Simulate Spatial Transcriptomics Data
Description
Generates a simulated spatial transcriptomics dataset with a mixture of spatially variable genes (SVGs) and non-spatially variable genes. Uses scientifically accurate count distributions (Negative Binomial).
Usage
simulate_spatial_data(
n_spots = 500,
n_genes = 200,
n_svg = 50,
grid_type = c("hexagonal", "square", "random"),
pattern_types = c("gradient", "hotspot", "periodic", "cluster"),
mean_counts = 50,
dispersion = 5
)
Arguments
n_spots |
Integer. Number of spatial locations. Default is 500. |
n_genes |
Integer. Total number of genes. Default is 200. |
n_svg |
Integer. Number of spatially variable genes. Default is 50. |
grid_type |
Character. Type of spatial layout.
|
pattern_types |
Character vector. Types of spatial patterns for SVGs. Any combination of:
Default is all four types. |
mean_counts |
Numeric. Mean expression level for baseline. Default is 50. |
dispersion |
Numeric. Dispersion parameter for Negative Binomial. Smaller values = more overdispersion. Default is 5. |
Details
Spatial Patterns:
-
Gradient: Expression increases linearly along x-axis
-
Hotspot: High expression in circular regions
-
Periodic: Sine wave pattern along x-axis
-
Cluster: Expression in spatially defined clusters
Count Distribution: Counts are drawn from Negative Binomial distribution:
X \sim NB(\mu, \phi)
where mu is the mean (modulated by spatial pattern) and phi is dispersion.
Value
A list containing:
-
counts: Matrix of gene counts (genes × spots) -
spatial_coords: Matrix of spatial coordinates (spots × 2) -
gene_info: Data.frame with gene metadata includingis_svg(TRUE/FALSE) andpattern_type -
logcounts: Log-normalized counts (log2(counts + 1))
Examples
# Set seed for reproducibility before calling
set.seed(42)
sim_data <- simulate_spatial_data(n_spots = 200, n_genes = 50, n_svg = 10)

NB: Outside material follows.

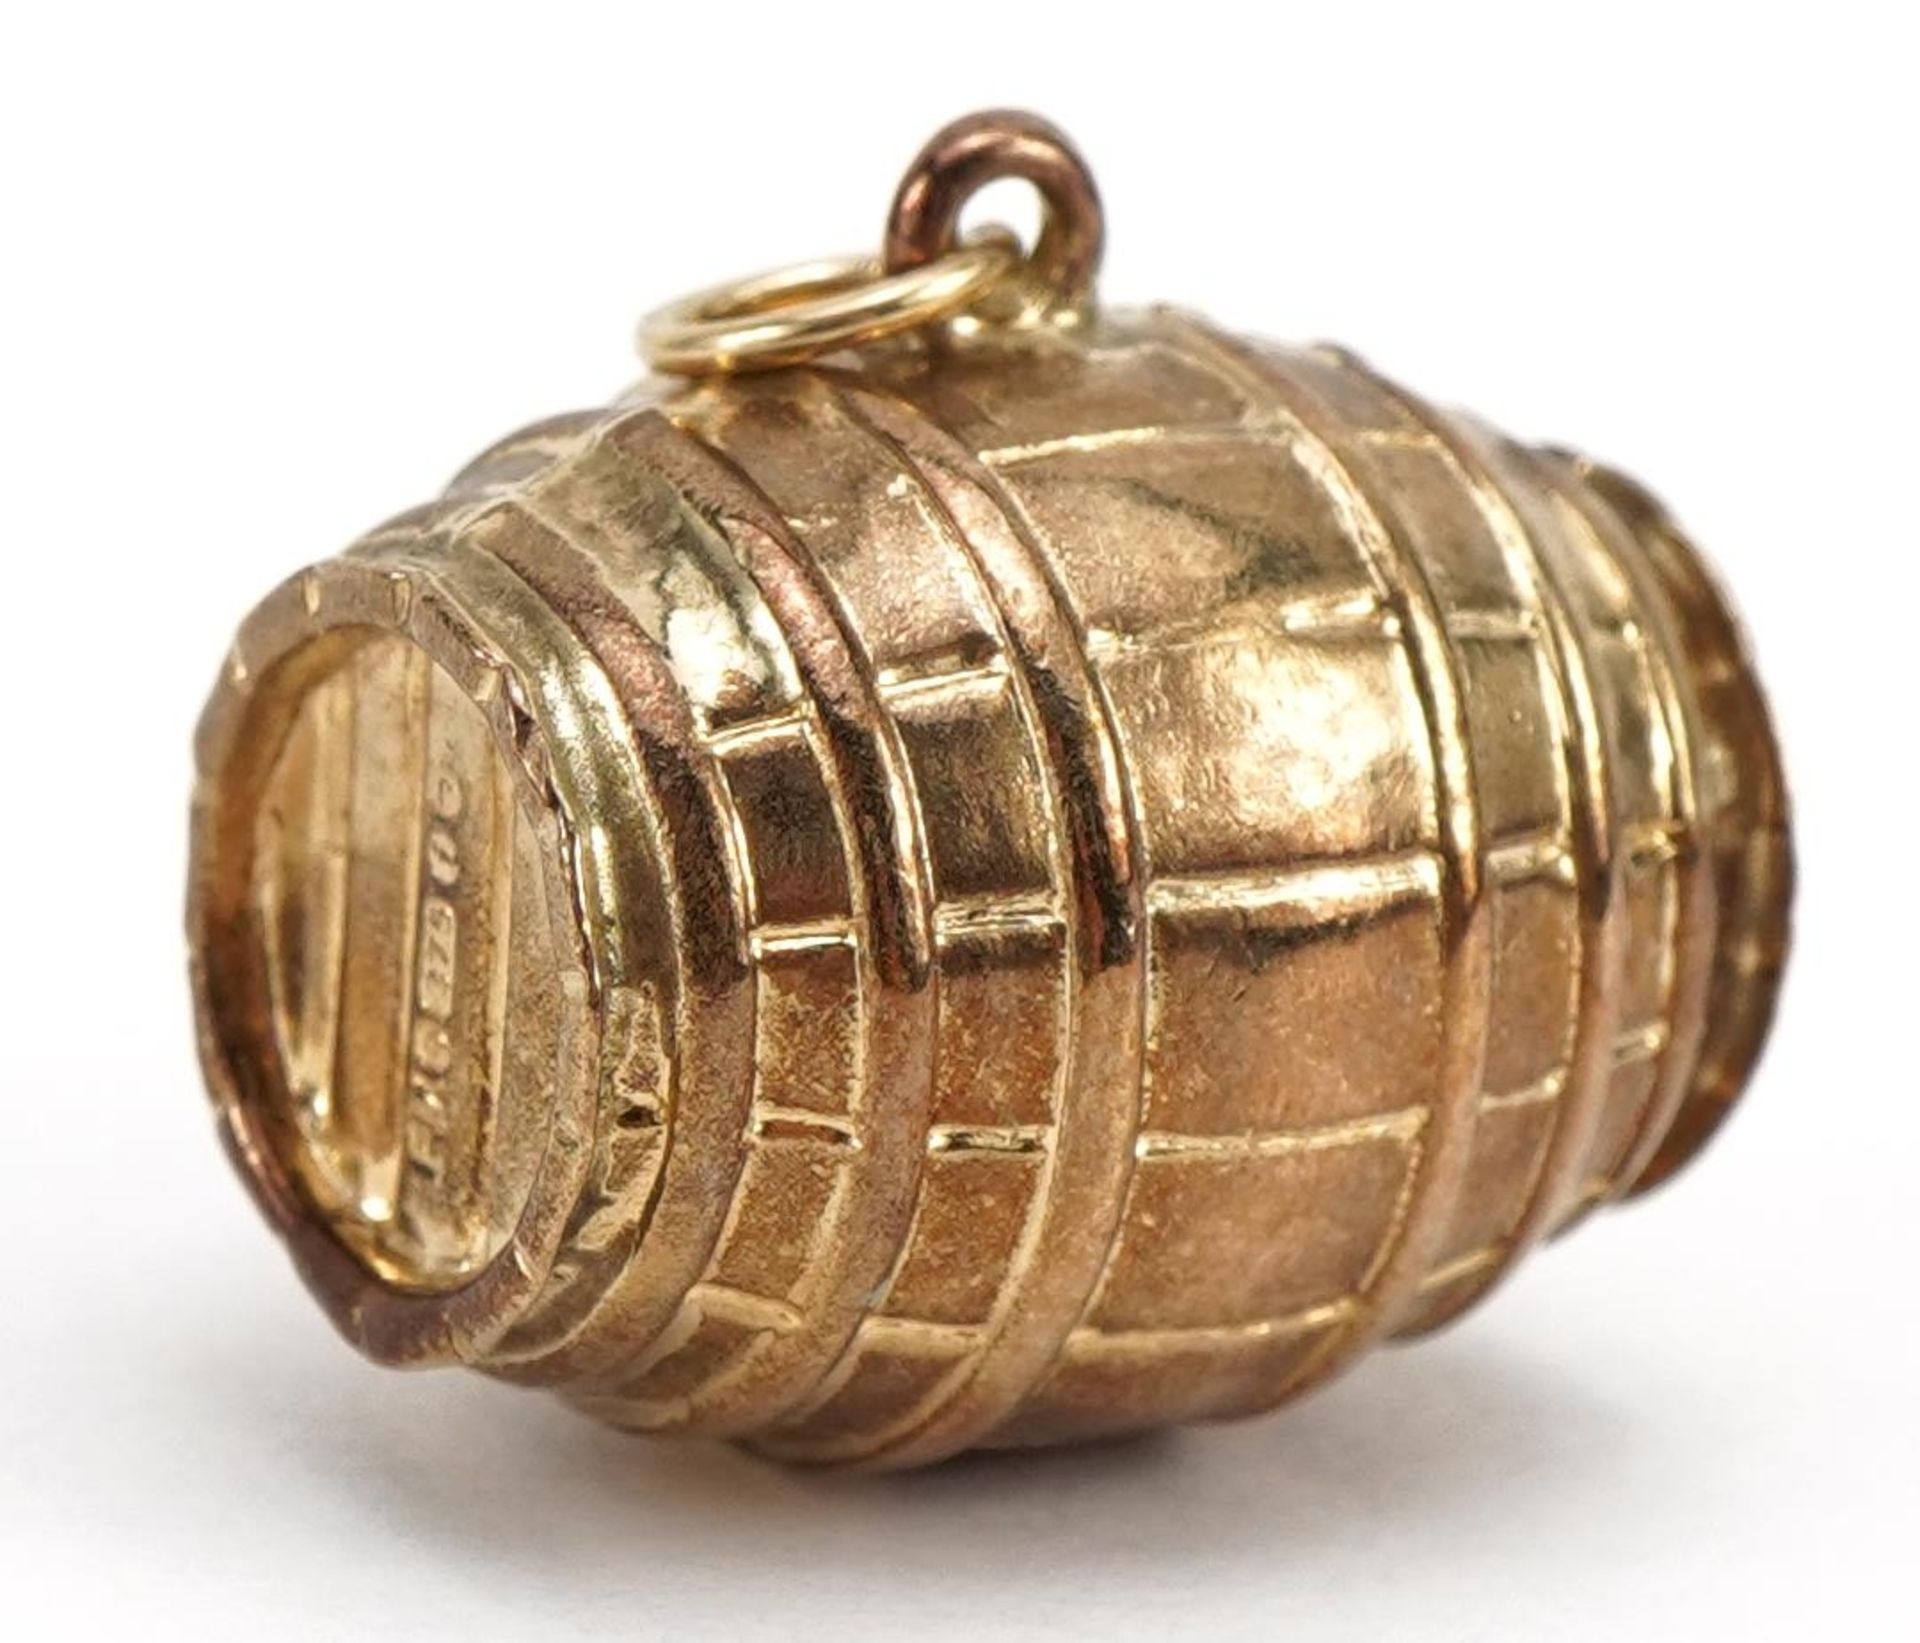 9ct gold barrel charm, 1.7cm wide, 1.9g - Image 2 of 3

str(sim_data, max.level = 1)
# Use with SVG detection (requires RANN)
if (requireNamespace("RANN", quietly = TRUE)) {
results <- CalSVG_MERINGUE(sim_data$counts, sim_data$spatial_coords,
network_method = "knn", k = 10, verbose = FALSE)
}
Spatial Network Utilities
Description
Utility functions for building and manipulating spatial neighborhood networks. These functions are used by SVG detection methods to define spatial relationships between spots/cells.
Value
See individual function documentation for return values.

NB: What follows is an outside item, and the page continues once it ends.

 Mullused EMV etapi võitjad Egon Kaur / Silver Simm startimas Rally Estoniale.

Statistical Utilities for SVG Detection
Description
Statistical utility functions used by SVG detection methods, including Moran's I calculation, p-value computation, and expression binarization.
Value
See individual function documentation for return values.
Package Startup Messages
Description
Functions called when package is loaded and attached.
Value
No return value, called for side effects.